Recounting

The Age of Insolubility

The world seemed to spiral into crisis this past summer. But what’s really new aren’t the crises—it’s the fact that they are now unignorable.

By Michael Tomasky

Tagged Foreign Policy

Around about the middle of October, I began to get the feeling that 20, 30, 50 years from now, historians might agree that the United States entered a new era this past year—and not a good one. It started over the summer, with a series of deeply depressing global crises: the Central American children trying to cross en masse over the Texas border; the continuing irredentist actions of Vladimir Putin in Ukraine; the latest Gaza war; and, of course, the ISIS beheadings and the larger threat the group poses. In a normal summer, any one of these four would have dominated headlines and been plenty enough crisis for us to handle. But all four at once! It was just too much to absorb some days.
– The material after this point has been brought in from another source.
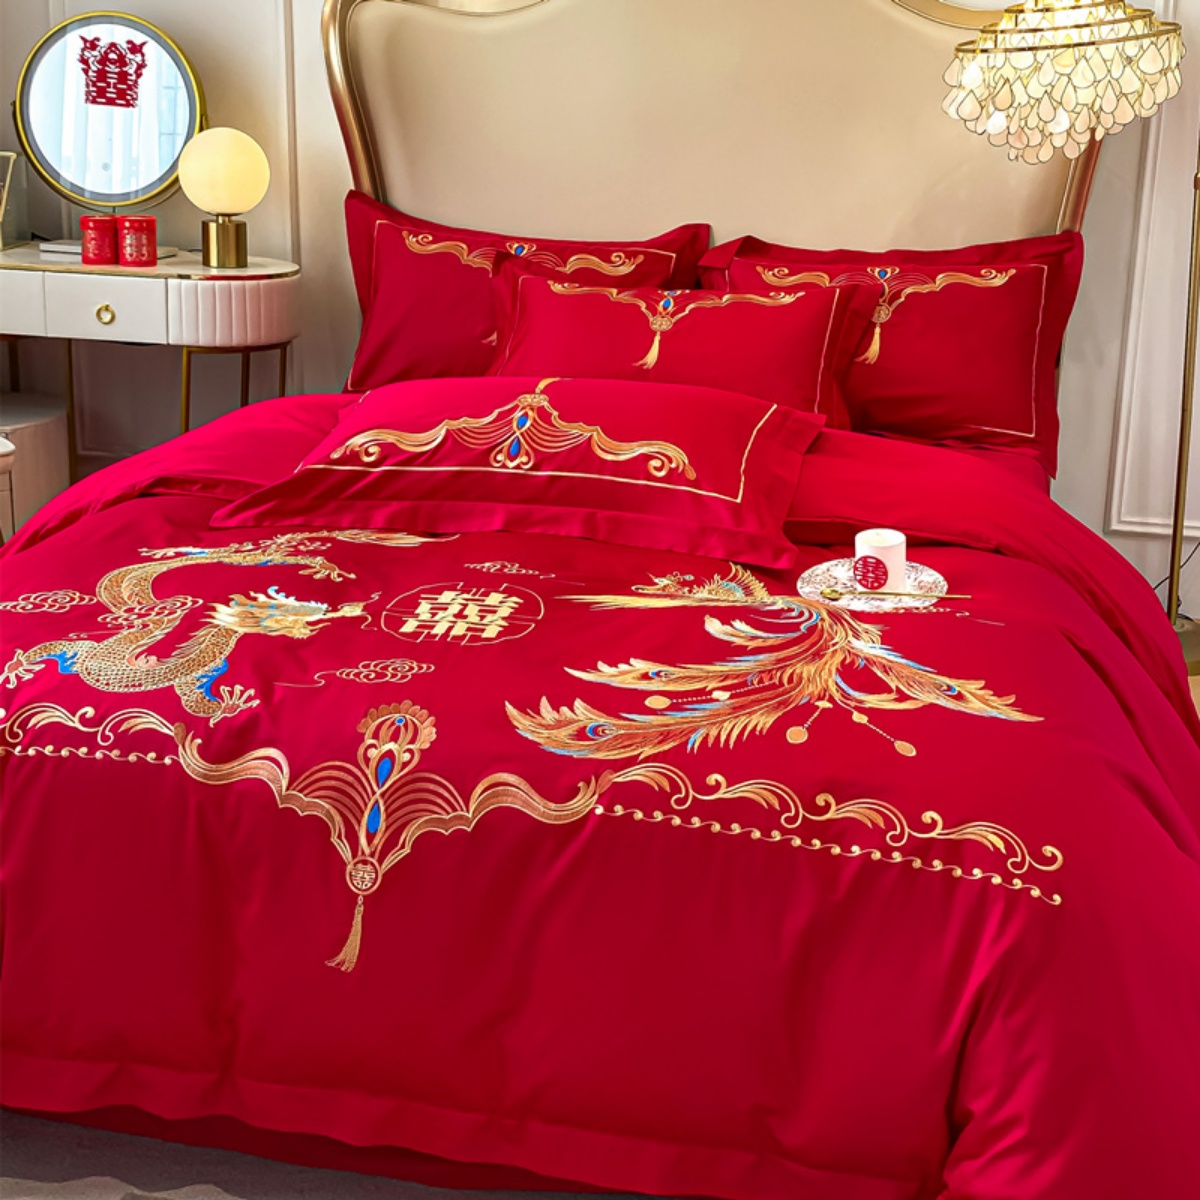 高档中式结婚四件套大红色床单被套纯棉龙凤刺绣婚庆床上用品婚房

Some of those faded away, as crises do (which doesn’t mean that they’re not still going on). But the ISIS crisis intensified, as President Obama started bombing the militants and arming the Syrian rebels. Then this fall came the Ebola scare. By October—bad timing for the Democrats, in electoral terms—there was a sense of helplessness about the land, and the polls were clear: Americans think the country is flailing and can no longer solve problems; they hate both parties and see no leadership.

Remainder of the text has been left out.